5 points by bosky101 on March 9, 2008 | hide | past | favorite | 9 comments
Those of you familiar with the amazing problem that flickr had recently when they touched the ceiling of their numbering schemes for images.

in the erlang world , apart from having to hack our auto auto-incrementor for mnesiaDB. you also get to do interesting stuff like tuples that are'nt serialised as unique id's.

->{ node() , erlang:now() }

-> myReadLastIdAndIncrementByOne(table_name)

-> erlang:phash2 ( <List> )

-> erlang:term_to_binary(<List| Tupel|Integer>).

1) how do you generate unique id's for your app ?

2) Assuming you're thinking to grow real big (dont all YC'ers :) ), how do you plan to handle such ceilings ?



Your myReadLastIdAndIncrementByOne looks disturbing. Are you sure mnesia:dirty_update_counter/3 doesn't work for your needs?

As for ids in mnesia, you aren't (realistically) at risk of overflowing an integer storage size since you get automatic promotion to bignums. {node(), now()} works fine if you are working in a distributed context and don't need sequential IDs. Also erlang:md5/1, or crypto:sha/1 can give you unique IDs to use over distributed nodes.
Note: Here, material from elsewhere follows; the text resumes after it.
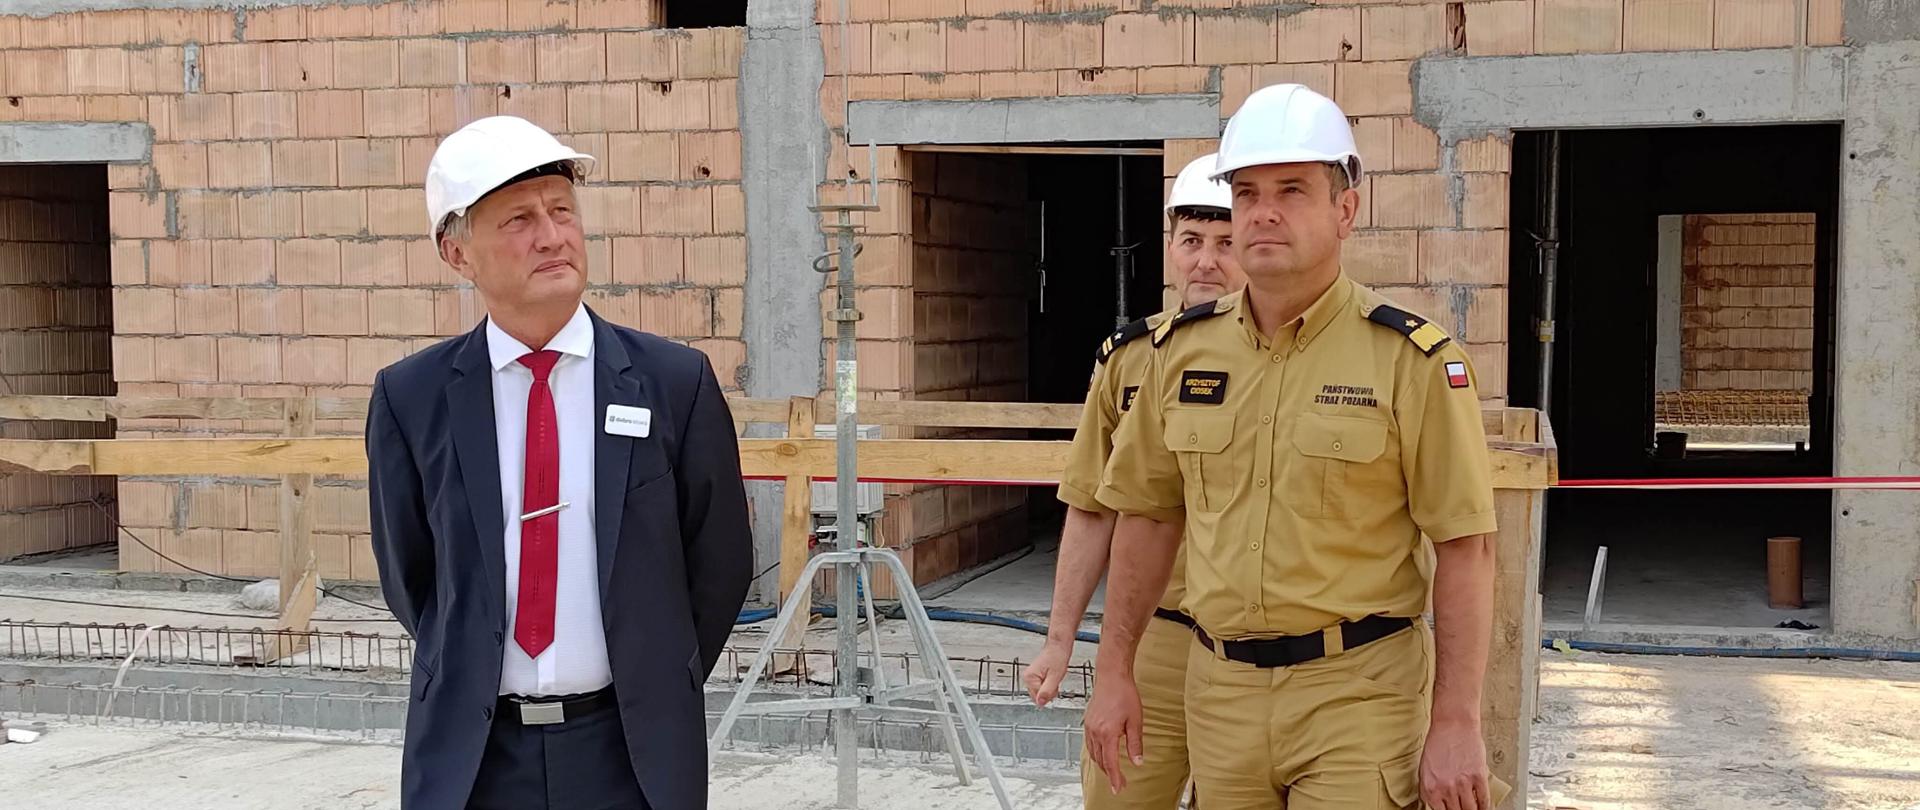 Wizytacja budowy nowej strażnicy w Końskich

I wouldn't recommend erlang:phash2 because it only yields 27 bit to 32 bit hashes.

I'm not sure what good term_to_binary would be if you are keeping everything in mnesia.

I would recommend looking into mnesia:dirty_update_counter/3 first and then expand to either {node(), now()} or erlang:md5/1 or crypto:sha/1 if you find updating the counter at distributed nodes is a problem.


thanks for the feedback.

yes,im aware of update_counter it works gr8 for incrementing my N. but what if i have a tuple/list/ as the id.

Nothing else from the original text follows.